Figure 4: Comparative genomics and population structure of T. gondii.
figure 4

(a) Population genetic structure of T. gondii. Neighbour-net analysis based on genome-wide SNPs (802,764 common data points) from 62 isolates of T. gondii. Colour wheel indicates major clades of T. gondii. Haplogroup numbers are indicated within parenthesis based on previous designation. Pink names denote the representative strains. Scale bar, number of SNPs per site. (b) Pairwise comparison of SNPs between indicated strains to ME49 shown across 14 chromosomes. y axis=number of SNPs/10 kb window. (c) Chromosome painting of 62 T. gondii strains. Local admixture analyses were conducted on SNP blocks of size 1,000 on each of the 14 chromosomes. For each SNP block, local admixture was used to assign strains to a particular ancestral population. The shared inheritance of blocks across members reveals colour patterns that extend vertically in the plot. For example, several pink regions show strong vertical patterns bifurcating across multiple clades, although the dominant colour is not meant to imply origin. (d) Network of chromosome Ia (ChrIa) showing high conservation within most haplogroups (number) and clades. Monomorphic forms (Mono, 3′ Chimeric, 5′ Chimeric) are shared by most lineages, while a few strains are highly divergent. Scale bar, total number of changes. (e) Heatmap clustering of co-inheritance of shared blocks. The percentage of shared blocks between two strains was determined for all 62 × 62 pairwise strain comparisons (1,953 non-redundant comparisons): Scale bar, % shared blocks. Hierarchical clustering on percent shared blocks independently grouped the strains by clade.

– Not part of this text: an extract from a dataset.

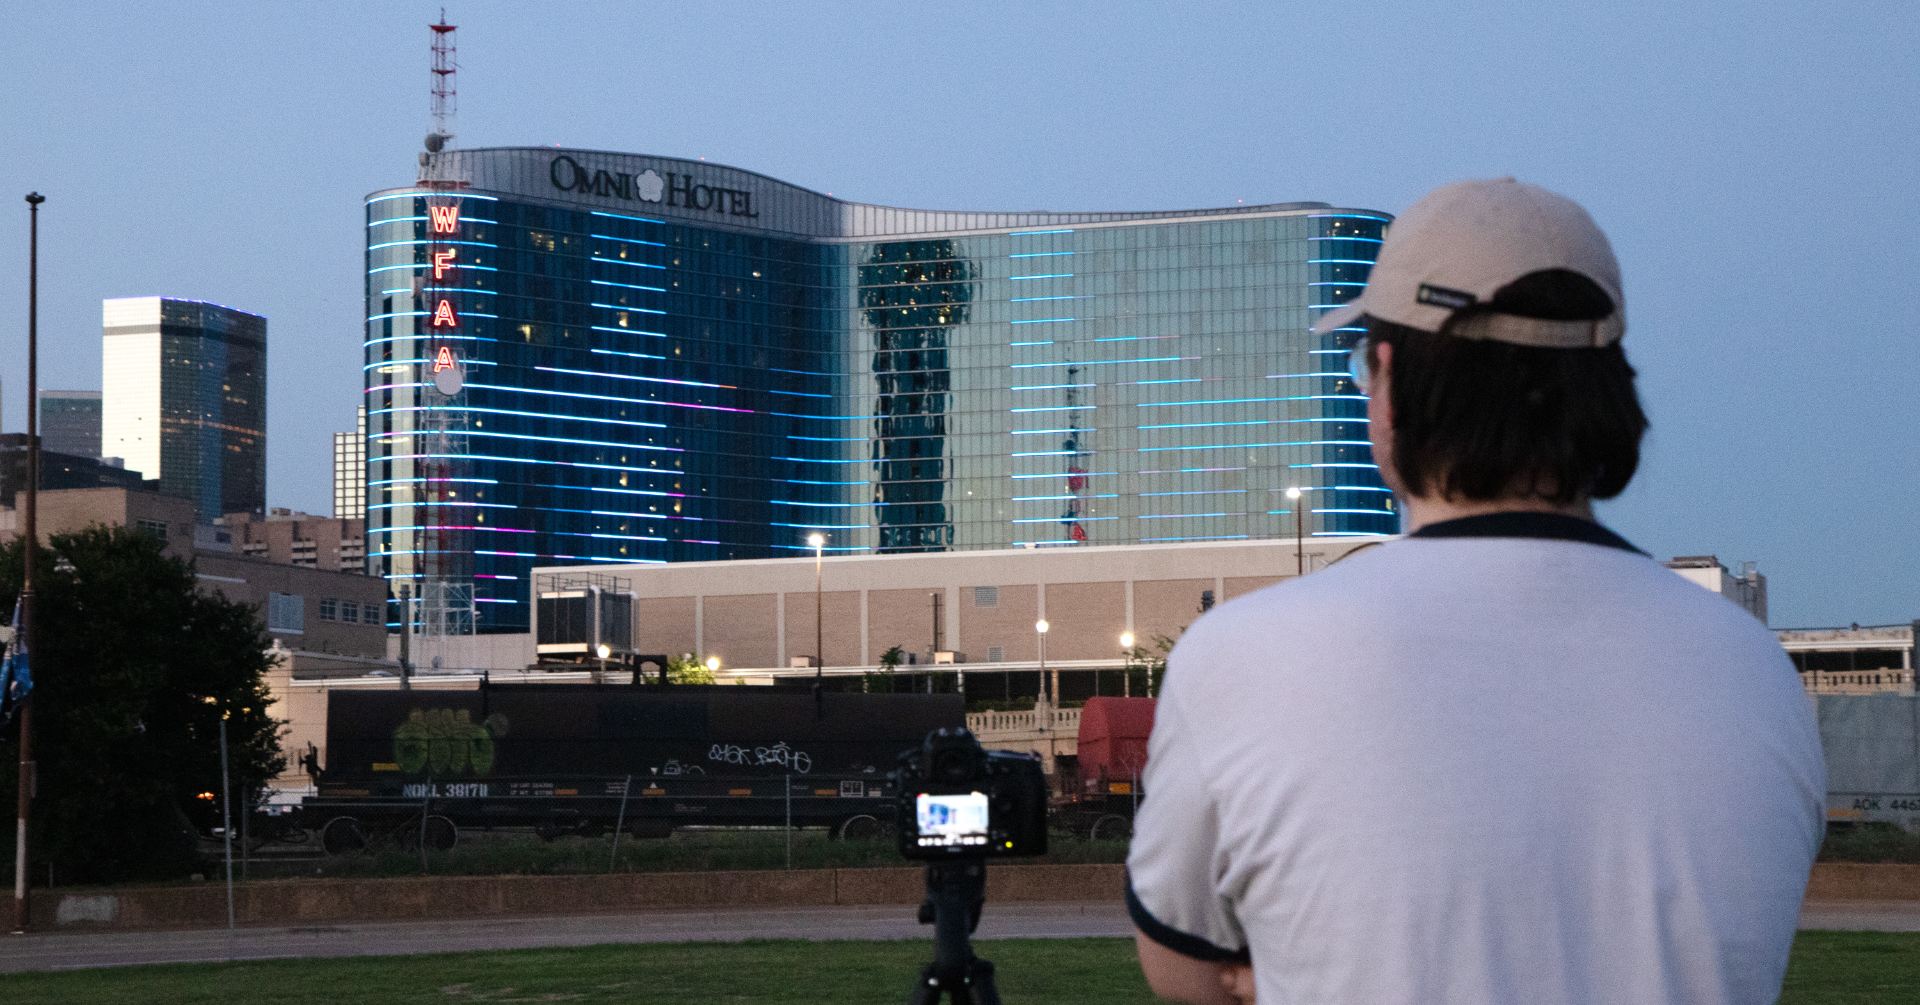 Projection Mapping students joined Professor Andrew F. Scott at Reunion Arena Park on Monday for a viewing of the Omni Dallas Hotel.

Although the neighbour network permits visualization of gene flow along several pathways, it does not fully capture the extent or pattern of local genomic admixture among any given pair of strains. To illustrate this more directly, we generated pairwise SNP diversity plots for three of the haplogroups contained in clade D, comparing them to the reference strain ME49 (Fig. 4b). Strains like ARI (haplogroup 12), a sister group of type 2 that is also found in North America, contain large haploblocks that are similar to ME49 (60%), interspersed with regions that are divergent (Fig. 4b), consistent with previous findings that these two groups are closely related11. In contrast, TgCtPRC2 (haplogroup 13), which is a common clonal genotype in China41, shares fewer regions with ME49 (40%) and COUG (haplogroup 11), which represents a rare North American lineage found in wild animals, showed almost no conserved regions with ME49 (<1%) (Fig. 4b). Thus although members of a common clade contain distinct genomic patterns that have arisen by different evolutionary paths, it is striking that many share large conserved haploblocks across their genomes.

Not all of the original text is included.